や、真実は……こちらから頼み込んだのですが。
否応はなかった。戦勝国人と戦敗国人、助けた人と助けられた人、という力学の働きが如実に表れた形になってしまったんだけど、仕方ないというもので。
「ここ、借家なんです……」
せめて汚さないでくれ、という意味だろうか、控えめな、嘴マスクでくぐもった、しかしながらどこか聞き覚えがある声で、訴えられて――
「感謝します」
そう応じて――
この場はとりあえず、トイレ問題は、解決したのでした。笑……。
畳部屋に招かれた、ってことで、頭部の包帯を解放した。
上座だ。座布団にオルと二人並んで正座する。

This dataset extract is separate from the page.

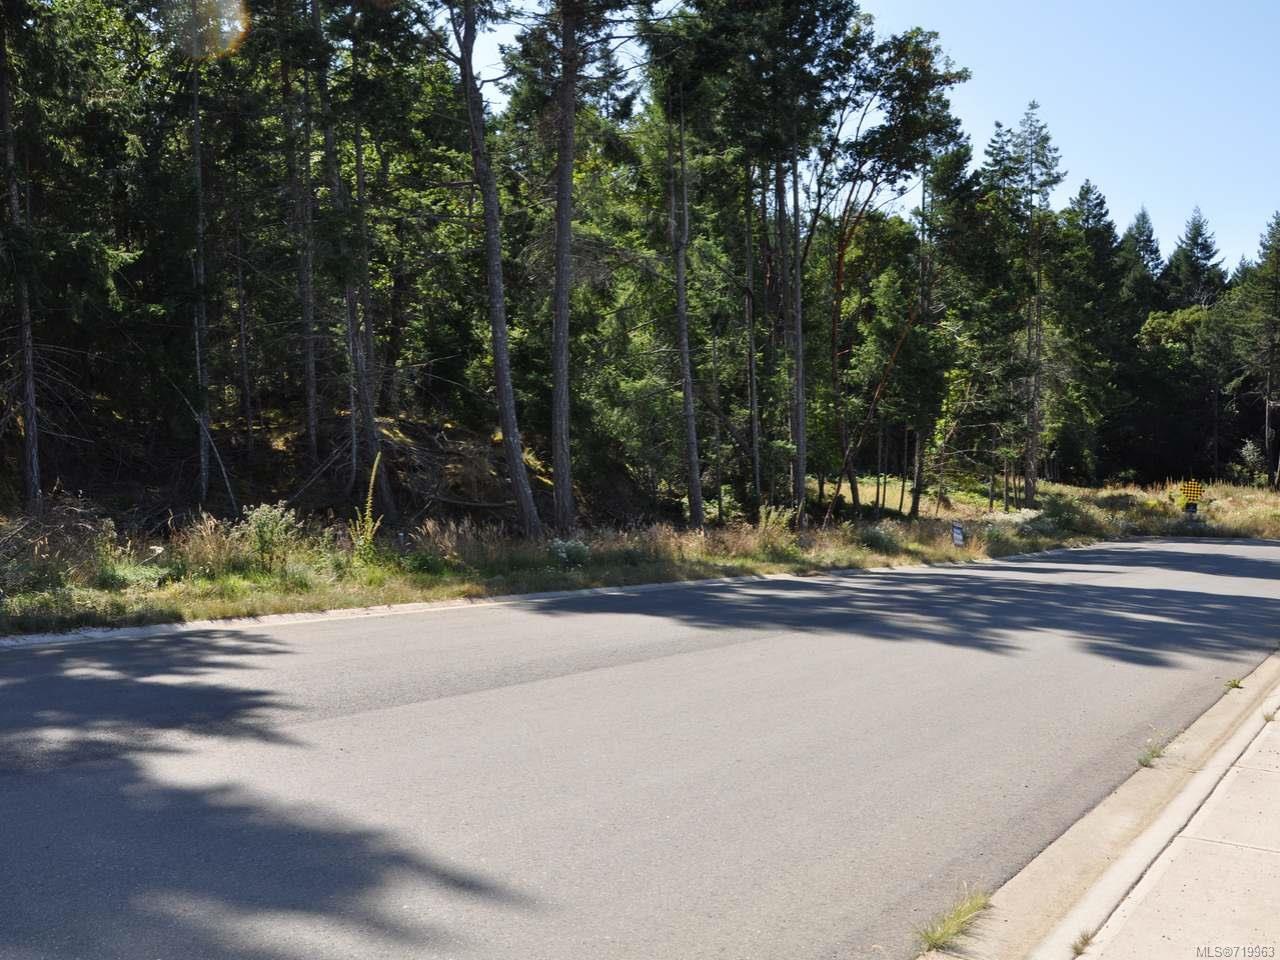 Main Photo: LOT 27 BONNINGTON DRIVE in NANOOSE BAY: PQ Fairwinds Land for sale (Parksville/Qualicum)  : MLS®# 719963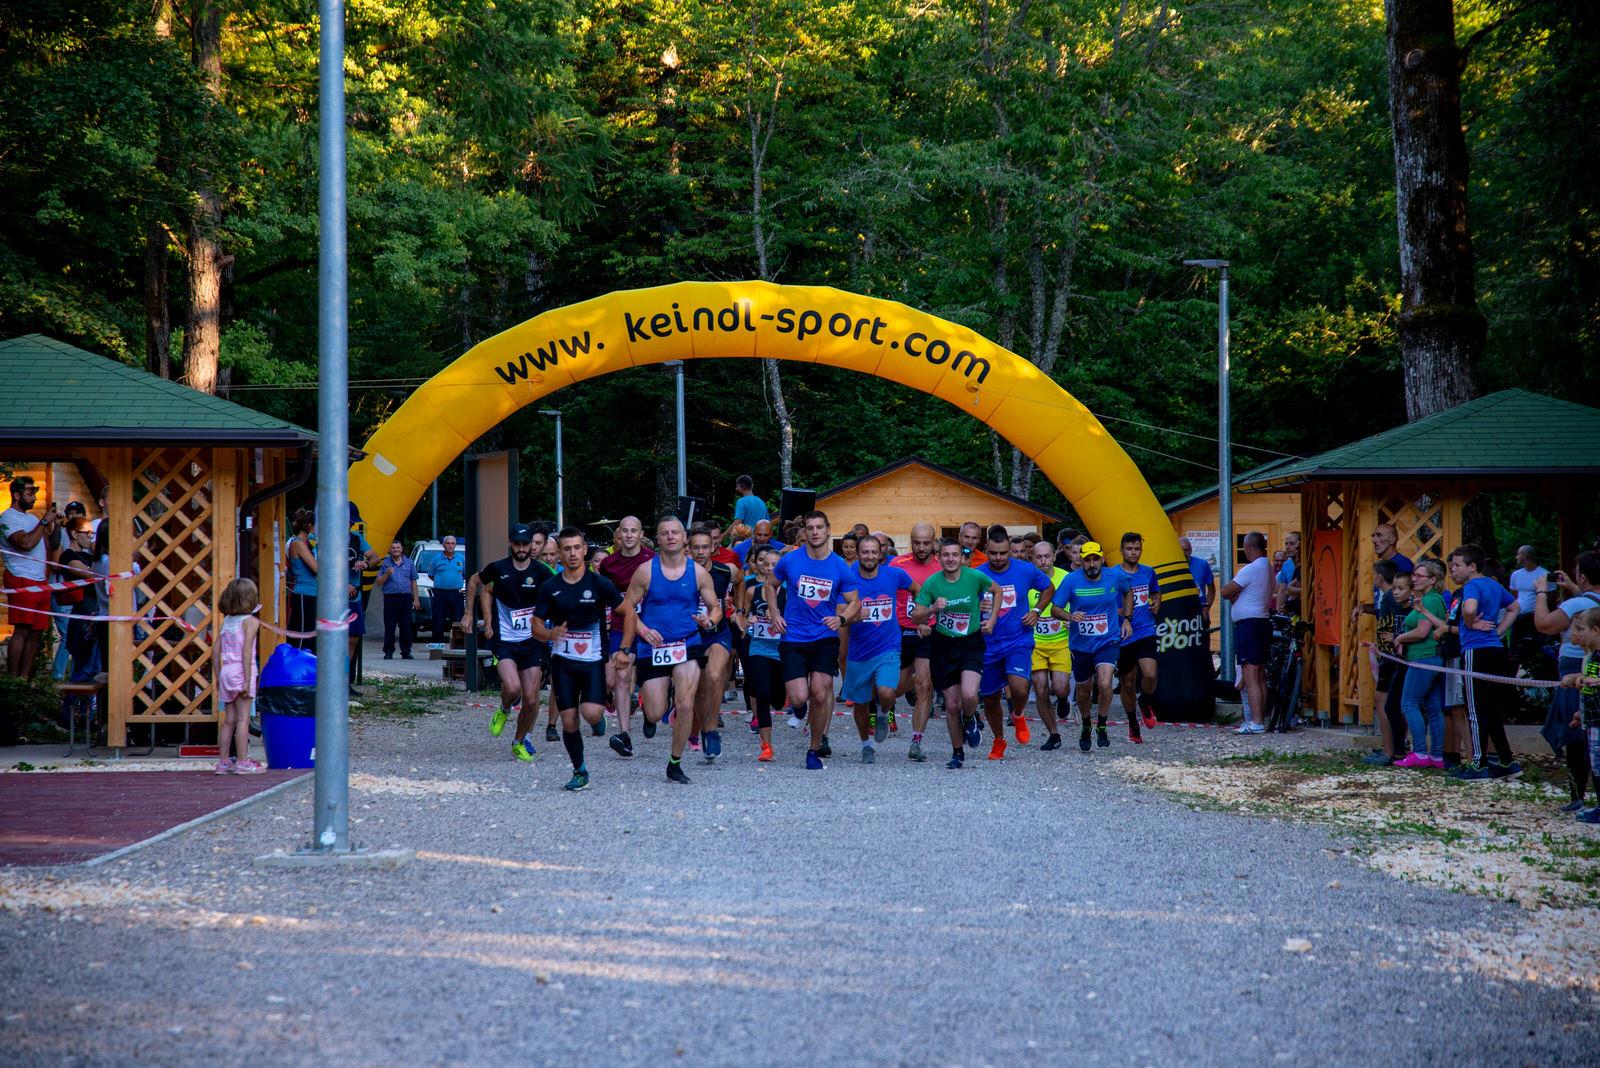 likaclub_lika night run_jasikovac_7_2020 (8)

ピンク医師さんは正面に正座した。
やおら嘴マスク含む頭部の装備を脱いで、素顔をさらす――
「ふぅ……」愛らしいしぐさ、すんなりと垂れる金髪、明るい緑色の瞳、桜色の唇。
オルだった。
そう――第3日本の、日本神国での、僕の妹だ。
その女の子が、悲しげな顔で、弱々しくも可愛いらしい声で自己紹介するのだ。
「初めまして……と言いましょうか? わたしは涼月香です。敗戦国の一、民間人です。どうか手加減のほど、お願い申し上げます……」
手をついて頭を下げる。
「……予感はしてた」
妹、涼月香が応えたのだった。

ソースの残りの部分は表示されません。